На этажах выше и ниже заскрипели, приоткрываясь, двери любопытных (ближайшие соседи по лестничной клетке, люди разумные, засели у глазков). Нечего и говорить, что кошка, плоская и гибкая, как тряпка, уже сумела пролезть в щель и уйти куда-то далеко в квартиру. Наперерез ей спешили Самоваров и некто невысокий в пиджачной паре.
— Чего ты орешь, Лида? — мягко укорял невысокий. — Это ко мне пришли.
— Напустил полную квартиру хануриков, — продолжала вопить Лида. — Тебя выселить давно пора! Вон кошка снова влезла! Если она тронет холодец, ты мне, гнида, заплатишь!
Последняя угроза относилась уже к Стасу. Тот молча развернул перед носом Лиды удостоверение. Лида заморгала скорбными темными глазами и стала сличать фото Стаса с оригиналом. Сумела ли она прочитать мелкие буковки в потемках прихожей, неизвестно, но замолчала и вытерла руки подолом.
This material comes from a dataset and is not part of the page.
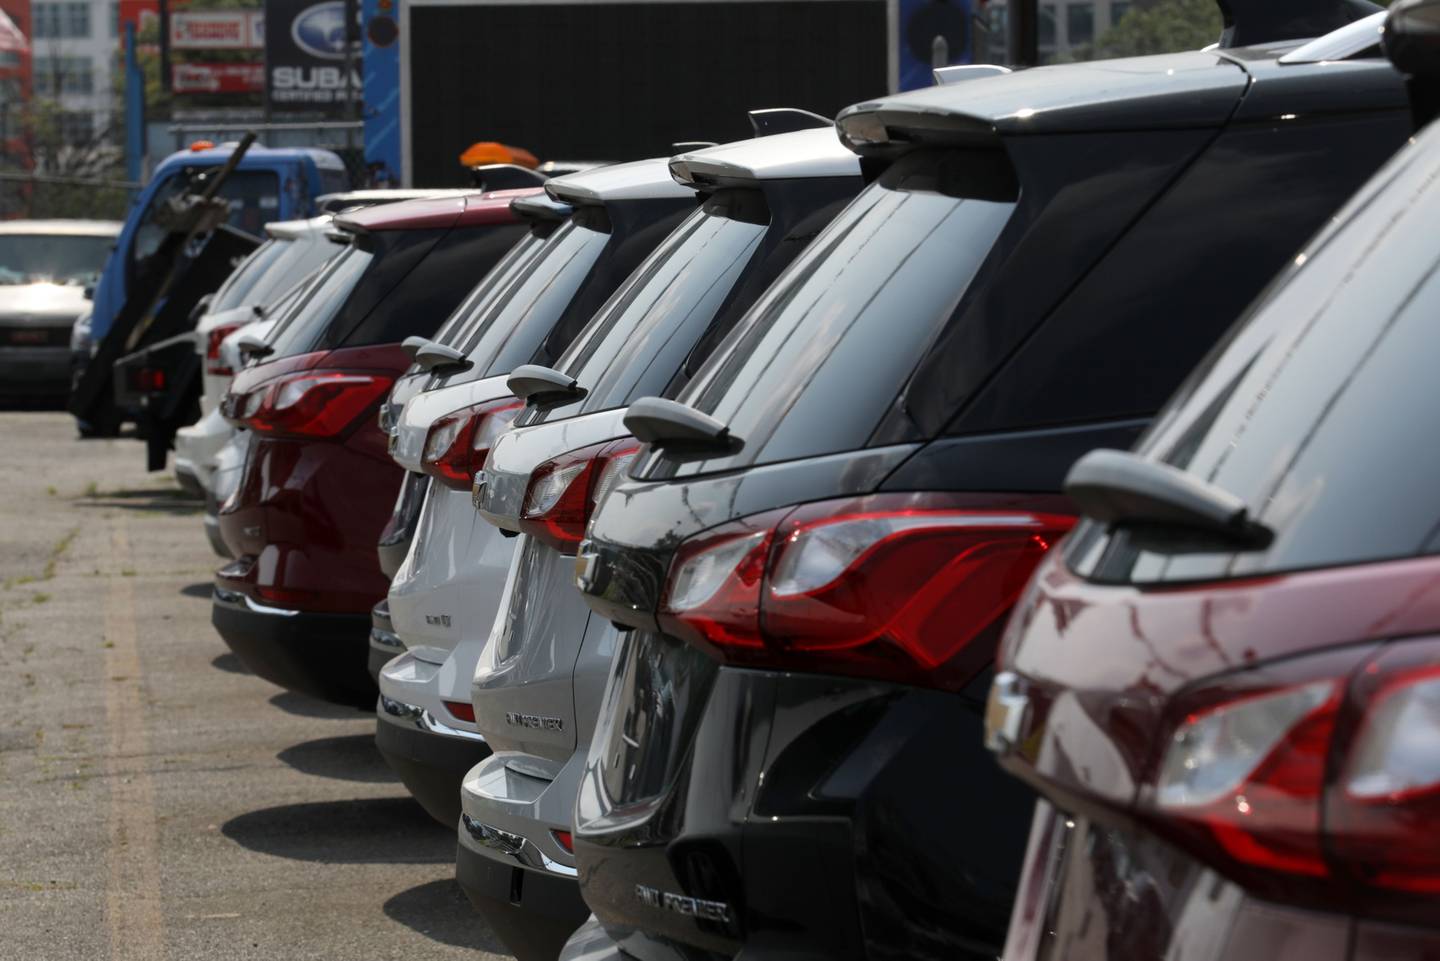 Los vendedores de autos consideran que esta medida atenta contra su sector, así como a la seguridad debido a las condiciones de los vehículos irregulares que entran al país.
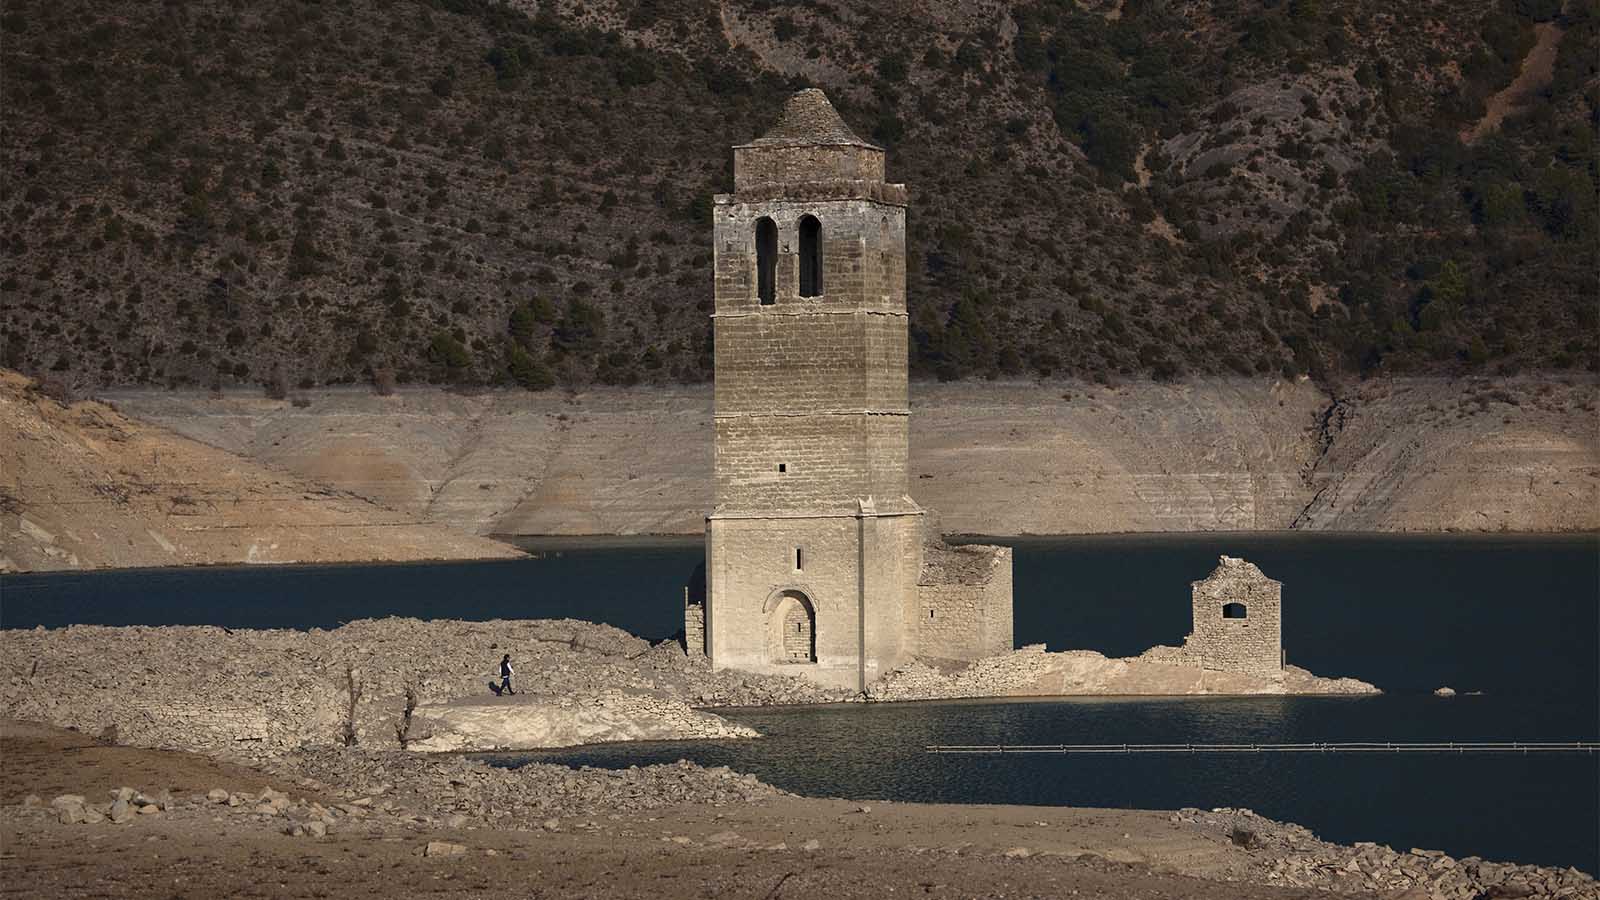 כנסייה עתיקה בספרד שנחשפה כאשר המים במאגר שהטביע את הכפר העתיק התייבש עקב הבצורת. (צילום ארכיון: AP Photo/Emilio Morenatti)

Стас, не глядя на нее, прошел за Самоваровым и неизвестным.
— Вот полюбуйся, — сказал Самоваров, указывая на комод в большой пустоватой комнате. Штор тут на окнах не имелось, зато было слышно, как на кухне ловят кошку.
К приходу ответственного лица Сахаров убрал с крышки комода все лишнее. И бронзовая «Египтянка», и синяя табакерка с портретом императора предстали перед Стасом во всей красе. Тут же, на комоде, у стенки, пристроил Юрий Валерьевич и пейзажики Похитонова.
— Гражданин Сахаров хочет официально оформить находку, — сказал Самоваров.
— А зачем ты меня позвал? — удивился Стас. — Я не веду это дело. Надо было тащить все добро в отделение, и дело с концом.
— Знаю я ваше отделение! Тут много нюансов.
Сахаров уже сидел за столом, покрытым скатертью из бесплатных рекламных газет, и ел какую-то колбасу. Пиджак он снял и остался в ветхой рубашке в клеточку.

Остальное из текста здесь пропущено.